1941, октябрь – ноябрь – попала в окружение. Назвалась грузинкой Анджапаридзе.
1941, декабрь – пребывание в лагере военнопленных в Вязьме, черная работа в лазарете. Встреча с пленным генералом ?. ?. Лукиным. Тяжелая болезнь, лечение. Эпидемия сыпного тифа в лагере, смерть 35-40-летних заключенных. Вновь болезнь и выздоровление.
1942, январь – март – работала в лазарете Вяземской горбольницы, окруженной двумя рядами колючей проволоки. Голод. Отсутствие лекарств. (Лазарет № 1 «Дулага-184».)
1942, март – май – отправка переболевших тифом в Смоленский лагерь. Перевод медработников в лазарет военнопленных. Работа в сыпнотифозном корпусе. Ночные дежурства, голод, «куриная слепота». Отправка «добровольцев» эшелоном из Смоленска в Германию…

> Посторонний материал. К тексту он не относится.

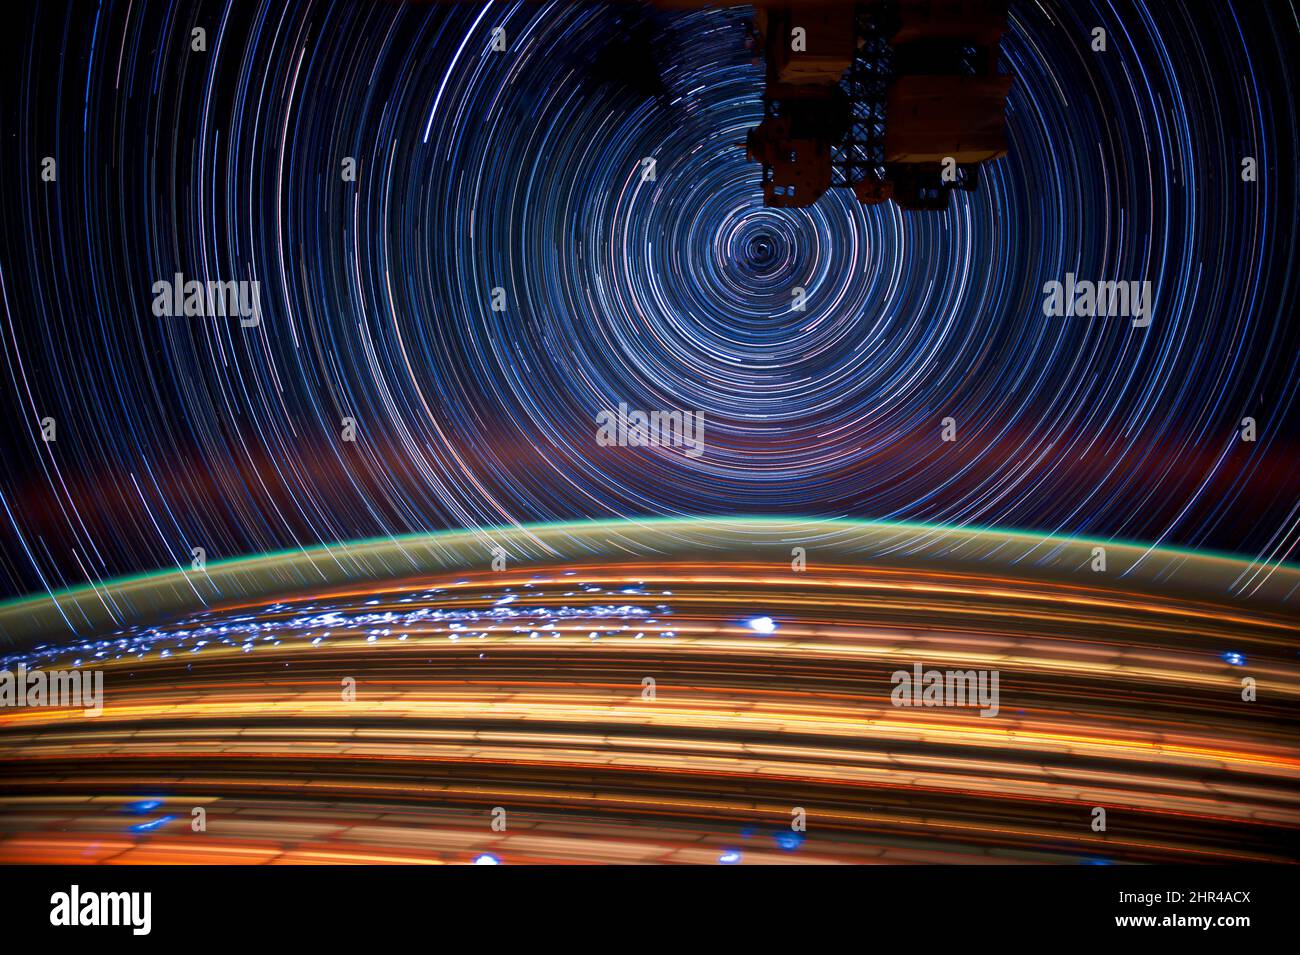 Der Erdhorizont leuchtet, Sterne im Hintergrund, Satellitenaufnahmen mit langer Belichtung aus dem Weltraum, bunte Ringe. Elemente dieses Bildes, die von der NASA eingerichtet wurden. Stockfoto

«Нас гнали по грязным дорогам целый день и ночь. Неделю назад пригнали сюда[121]. Дрожало на ветру чадящее махровое пламя, оно слабо освящало развалины и шеренги вражеских солдат на подходе к ним. Солдаты, взмахивая прикладами, загоняли нас вниз под эти развалины. Выстрелы, брань, удары, хрипы и стоны сливались в страшный неумолкающий звук. Под ногами заплескалась вода. С каждым шагом она поднималась все выше. Вот уже начала заливаться в сапоги, дошла до бедер. Потом я уперлась в стену, и напор идущих сзади людей уменьшился. В темноте слышалось дыхание загнанных людей. „Спасите, тону“, – раздался одинокий голос и тут же перешел в бульканье. Кто-то схватил меня за ногу, и я упала, погрузившись по грудь в холодную воду. Я вскрикнула. Невидимая рука помогла мне встать. Наверху, там, откуда нас пригнали, раздался взрыв, и на какой-то миг я увидела сплошную массу людей, раскрытые в крике рты и полные ужаса глаза. Толпа шарахнулась в нашу сторону, меня так сдавили, что я потеряла сознание. Через какое-то время я вновь услышала выстрелы, гул голосов, бульканье воды под ногами. Толпа, сдавившая меня, не дала мне упасть в воду. Выстрелы вблизи постепенно утихли, и хриплый немецкий голос приказал: „Руэ! Одер вир шиссен!“ („Спокойно! Или будем стрелять!“).
Шли часы, мы продолжали стоять в воде, опираясь друг на друга. Начинался день, но свет едва проникал из маленьких окошек под потолком. Против единственного, уходящего вверх выхода из подвала чадным, багровым пламенем горел костер. Около него постоянно находилось несколько гитлеровцев. Только это место около костра не было залито водой. Все остальное пространство, стоя по колено, а то и по пояс в воде, занимали люди. Выйти на сухое место было нельзя. Гитлеровцы убивали каждого, кто к ним приближался. Сухая площадка уже была окружена валом мертвых тел, наполовину погруженных в воду. Багровые блики пламени отражались в остекленевших глазах мертвых и тонули в открытых в последнем крике ртах.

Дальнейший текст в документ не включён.